To me, Tenebrae Semper was the horrible disappointment of Ectocomp 2010. This may seem like an outrageously unkind statement with which to open a review, but it comes from a place of love. The reason I was so disappointed is because I liked Seciden Mencarde's Forest House games, all of which were made in similarly constrained speed IF competition circumstances, and which managed to punch above those circumstances at least 70% of the time. However, it was obvious that the third Forest House game was starting to get too ambitious, and it came out buggy, holey and underimplemented. Tenebrae Semper falls further into the same pit by aiming far beyond what anyone could achieve in several hours of programming.
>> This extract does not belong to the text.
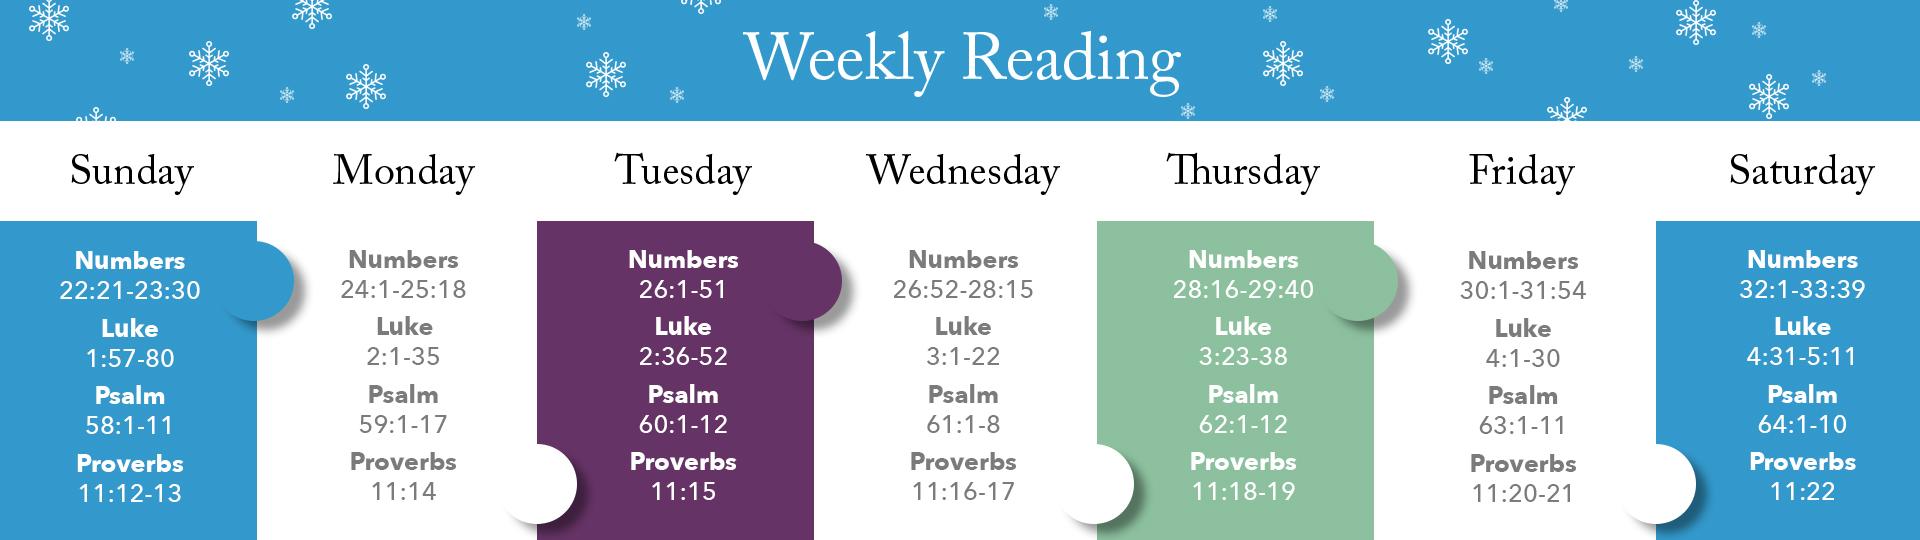 Weekly-Reading-Winter-Look0315

The result is an incomplete and particularly frustrating demo for what obviously needs to be a much bigger game. It barely brings the promised horror, either.

The PC is a college student who wakes from a dream (?) of a girl screaming when the game begins. Now it's time to get out of bed and off to class. The player's room is jampacked with furniture, books, a bookshelf, a desk, an alarm clock etc. Anything that can have a drawer in it does, and there's stuff in the drawers as well. But every third item is painted on and every second item is improperly implemented. Try and go out the north door and you'll be informed, "You don’t have all your stuff yet, and you’d better not go to class unprepared." So your goal, should you choose to accept it, is to divine which items constitute all your stuff, locate them amongst the mess and then be holding them all when you try to go through the door. Plus you've got an inventory limit which fights you as soon as you start picking up heavy textbooks. This scene was probably intended to be a breezy, realistic start to the adventure, but comes on more like an agonising puzzle from Hitchhiker's Guide. Suffice to say, it is extremely difficult to leave the room.

If escape is achieved, further problems come thick and fast. It's usually unclear what you're meant to be doing. Characters don't express surprise at surprising stuff, like supernatural shenanigans or teleporting books. The exit lister is broken. Room descriptions don't seem to print automatically.

Ultimately the game doesn't go anywhere, and it has, for the time being, squandered the truly awesome title of Tenebrae Semper.